TRY IT:
All of the listing must be given again exactly, except that the images are dropped.

DATA BLOCK:
■ ■ ■
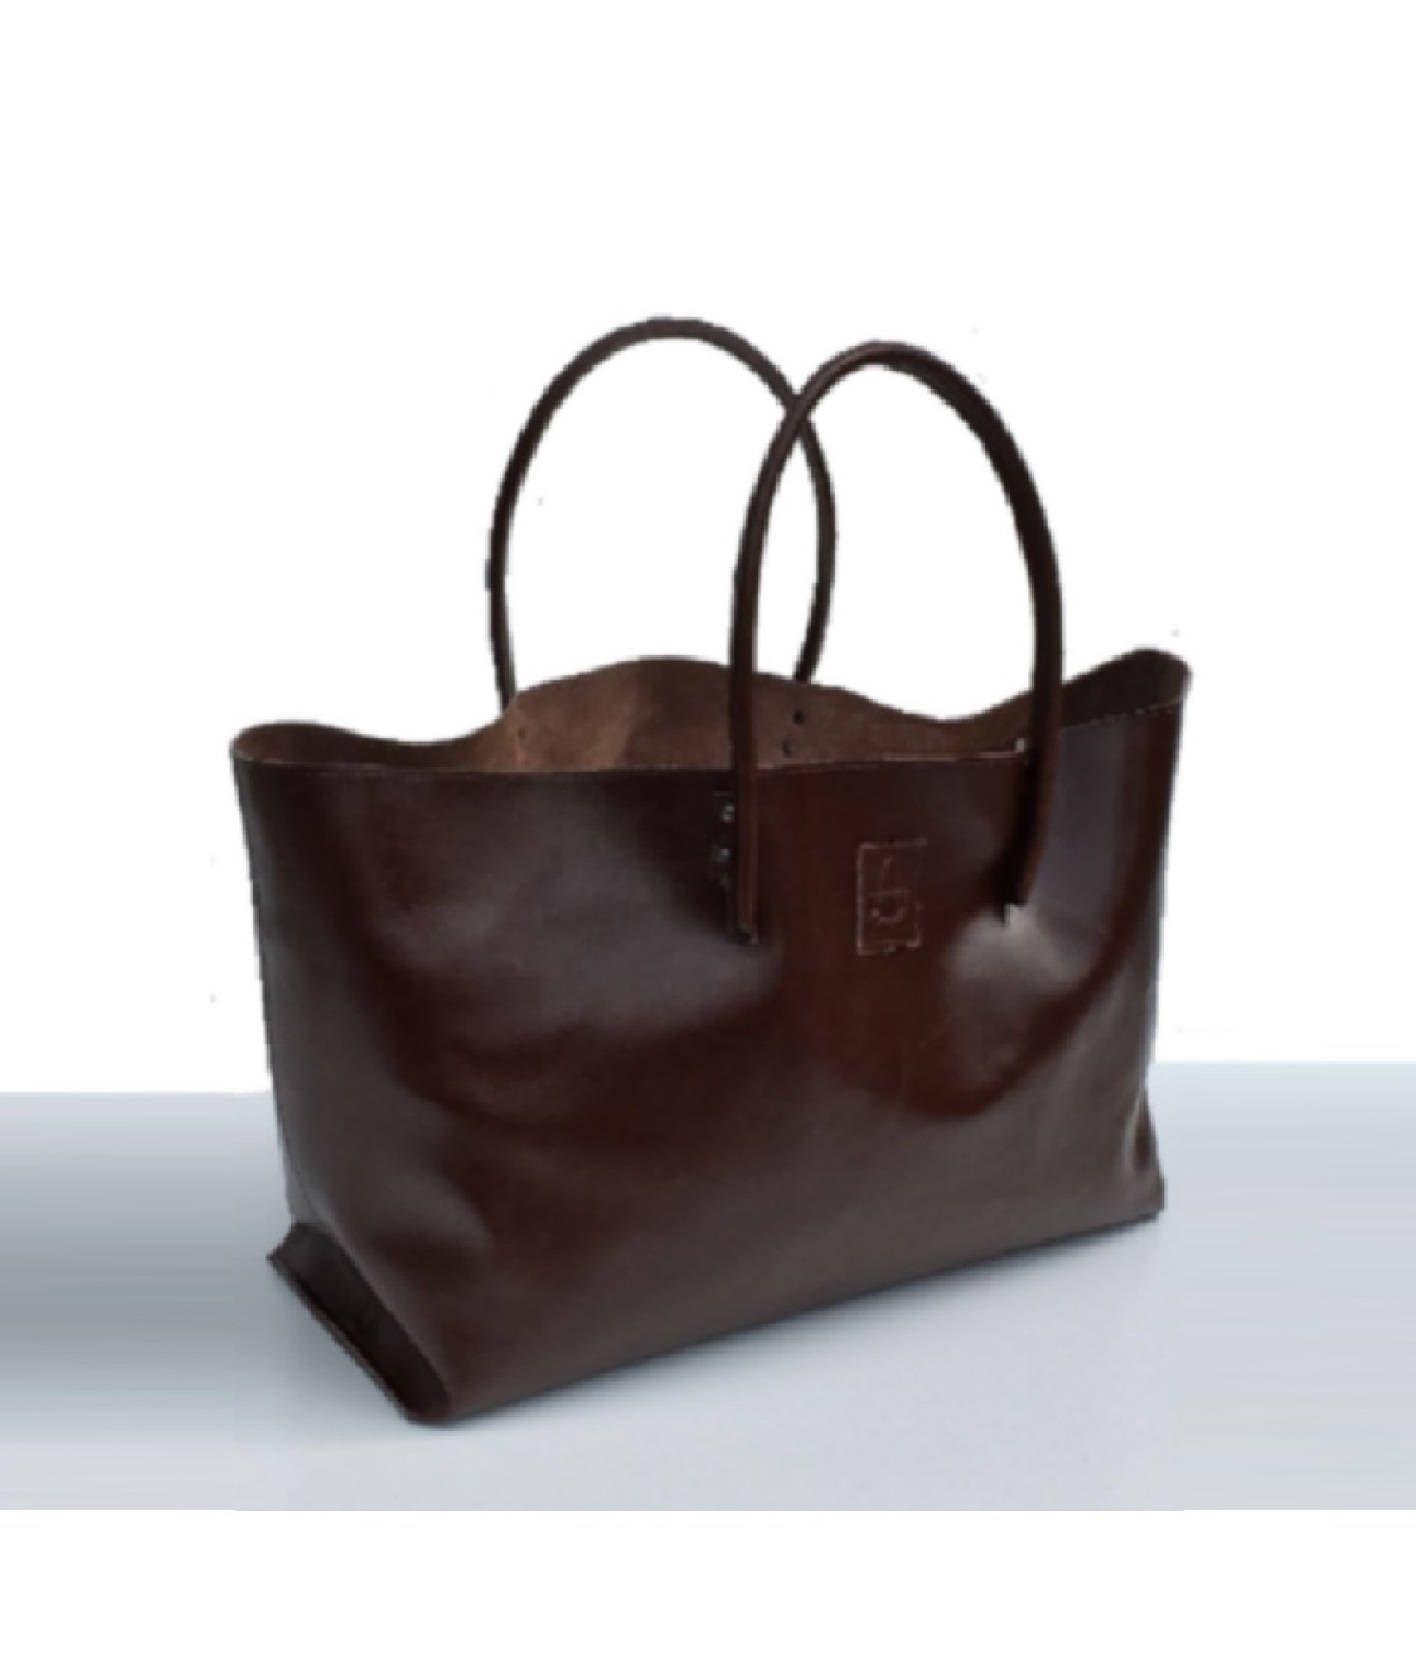 d5d812bfe97a3 XXL Shopper Ledershopper große Ledertasche Einkaufstasche für Großeinkauf  braun handmade von Goldtaschen auf Etsy
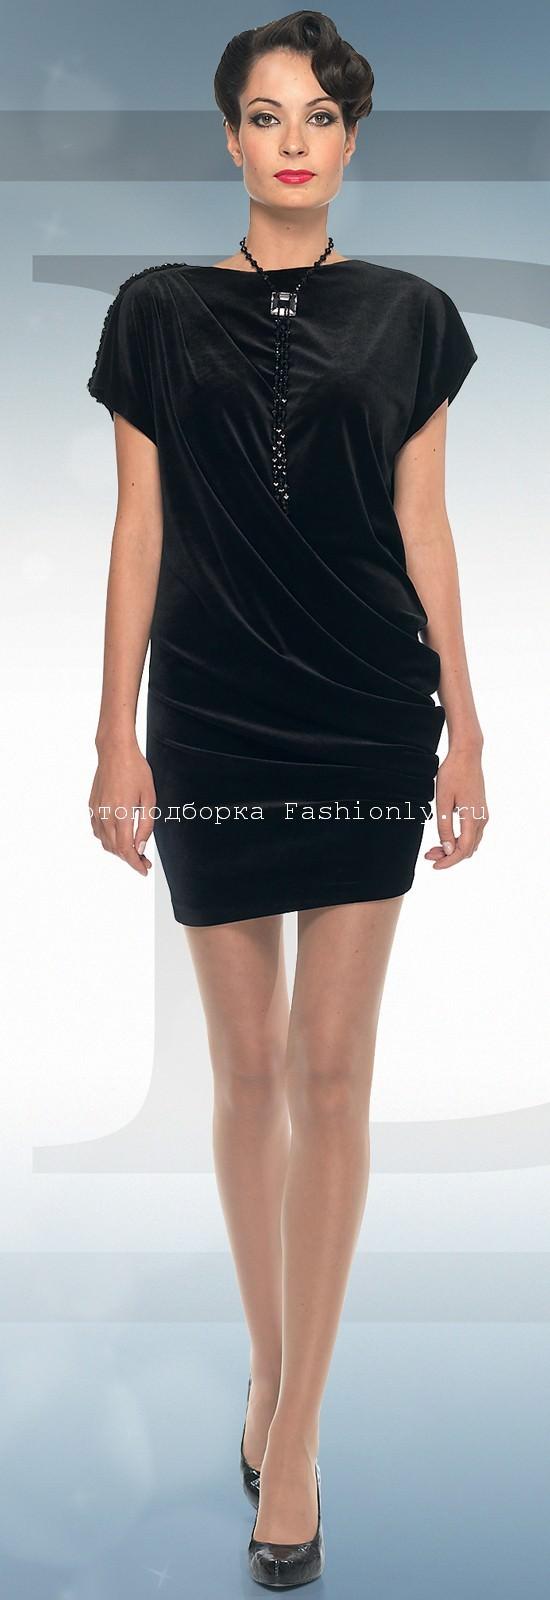 Маленькое черное платье на Новый Год
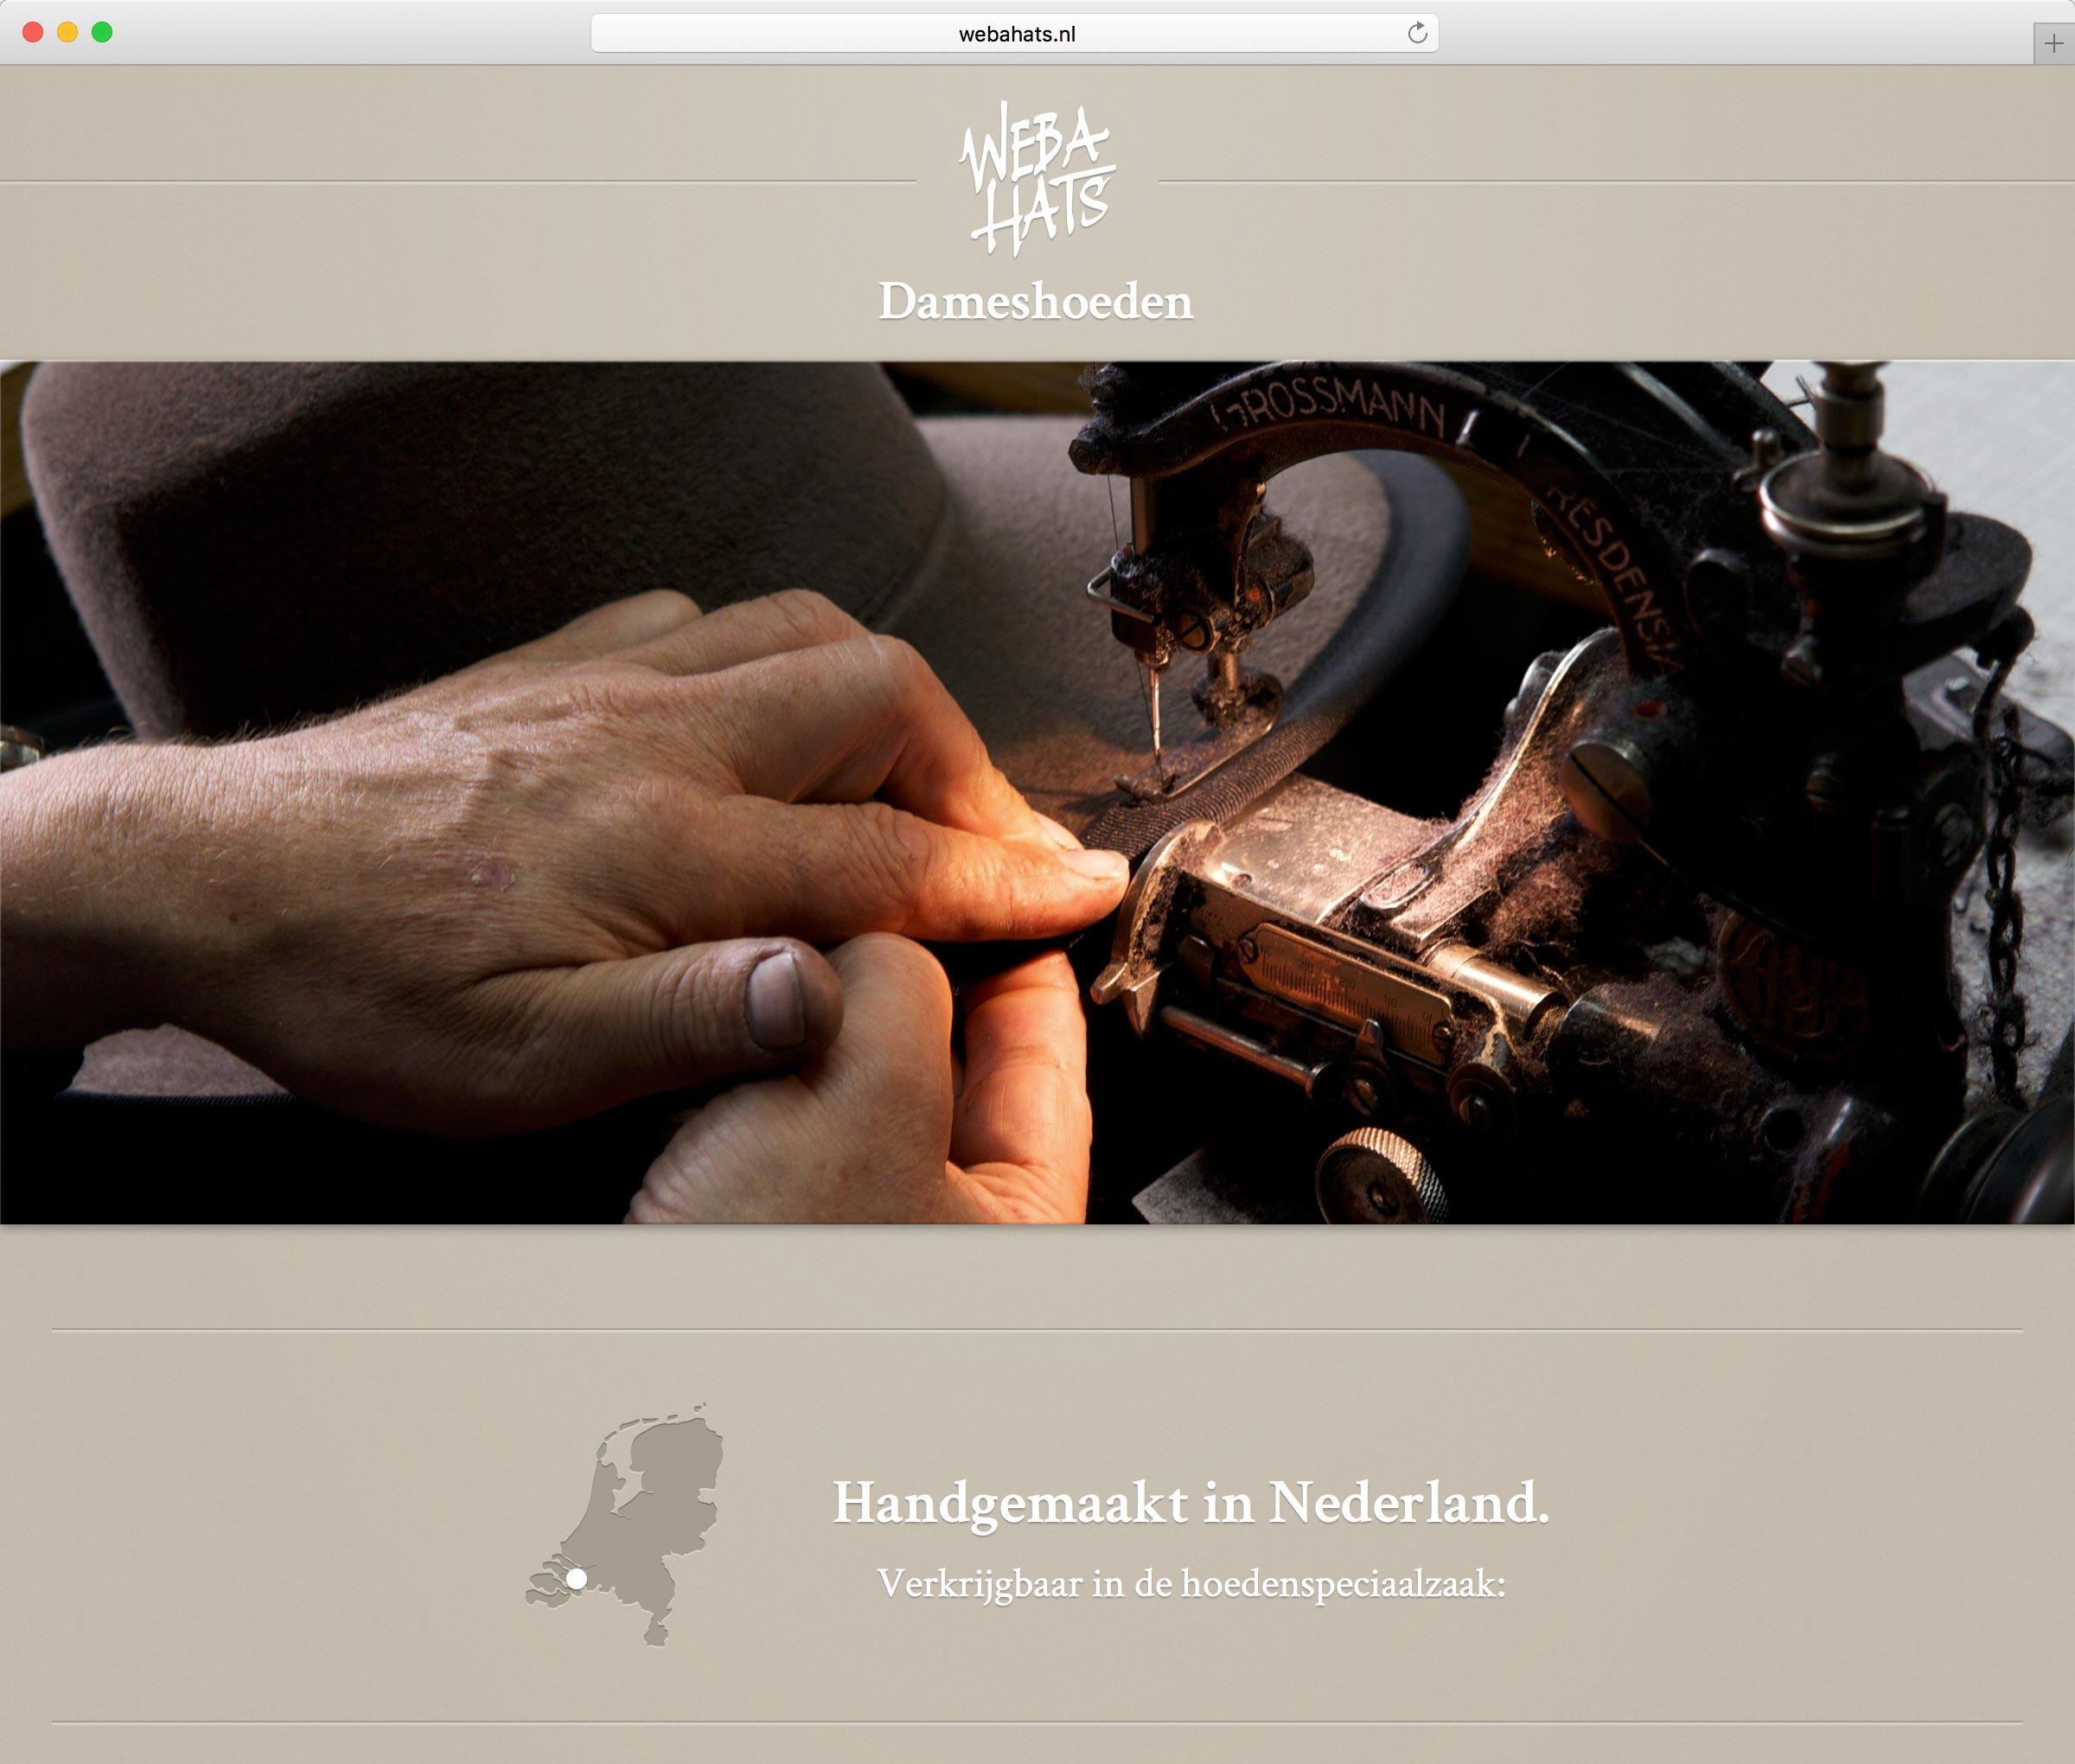 webahats.nl home page
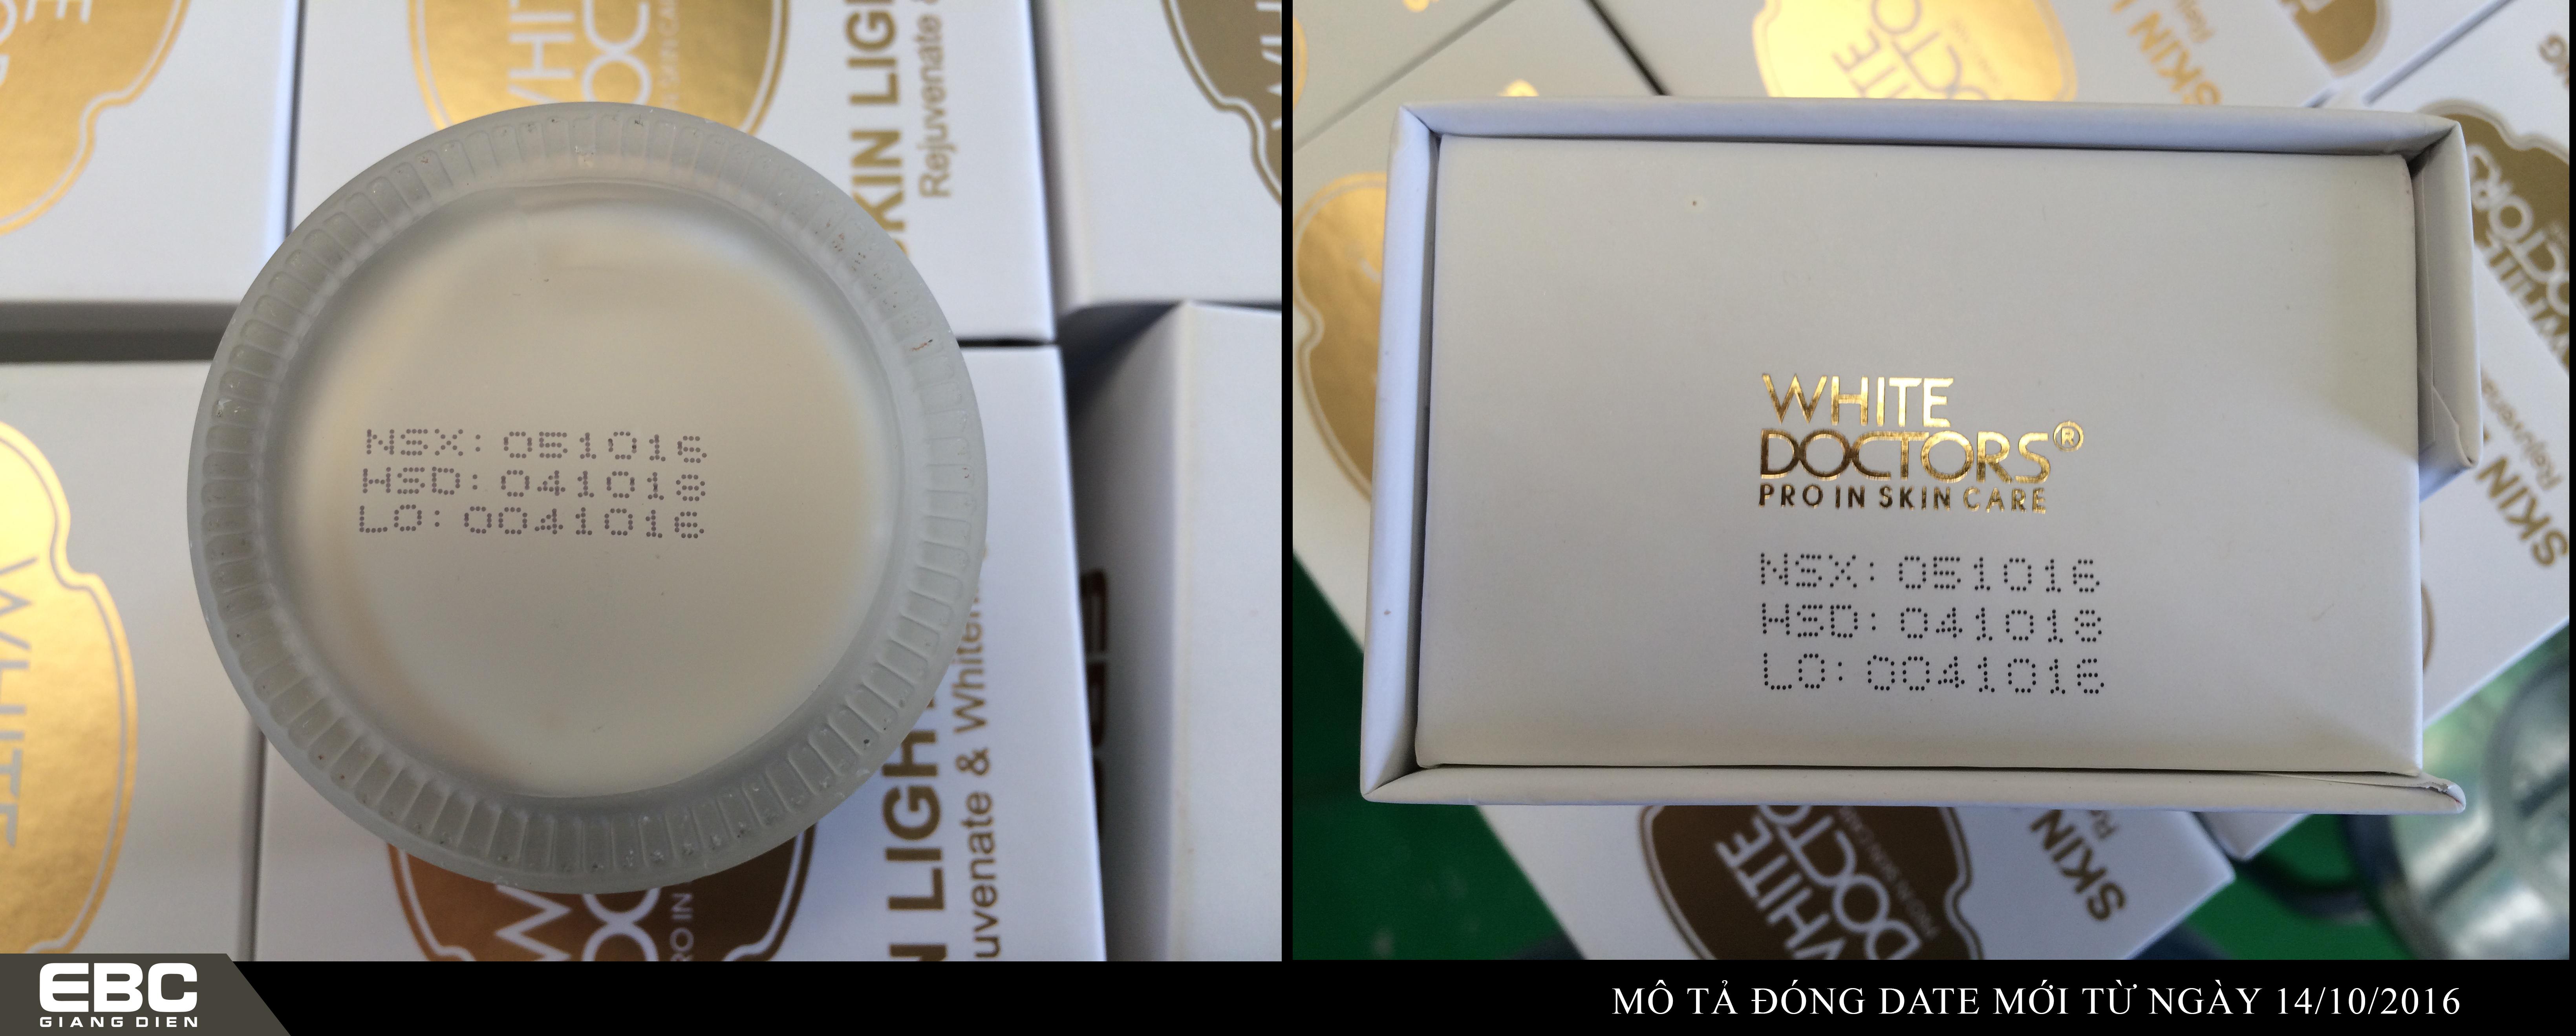 Mỹ phẩm Mai Hân thông báo thay đổi quy cách in date lên sản phẩm White Doctors
■ ■ ■
EXERCISE RESULT:
 d5d812bfe97a3 XXL Shopper Ledershopper große Ledertasche Einkaufstasche für Großeinkauf  braun handmade von Goldtaschen auf Etsy
 Маленькое черное платье на Новый Год
 webahats.nl home page
 Mỹ phẩm Mai Hân thông báo thay đổi quy cách in date lên sản phẩm White Doctors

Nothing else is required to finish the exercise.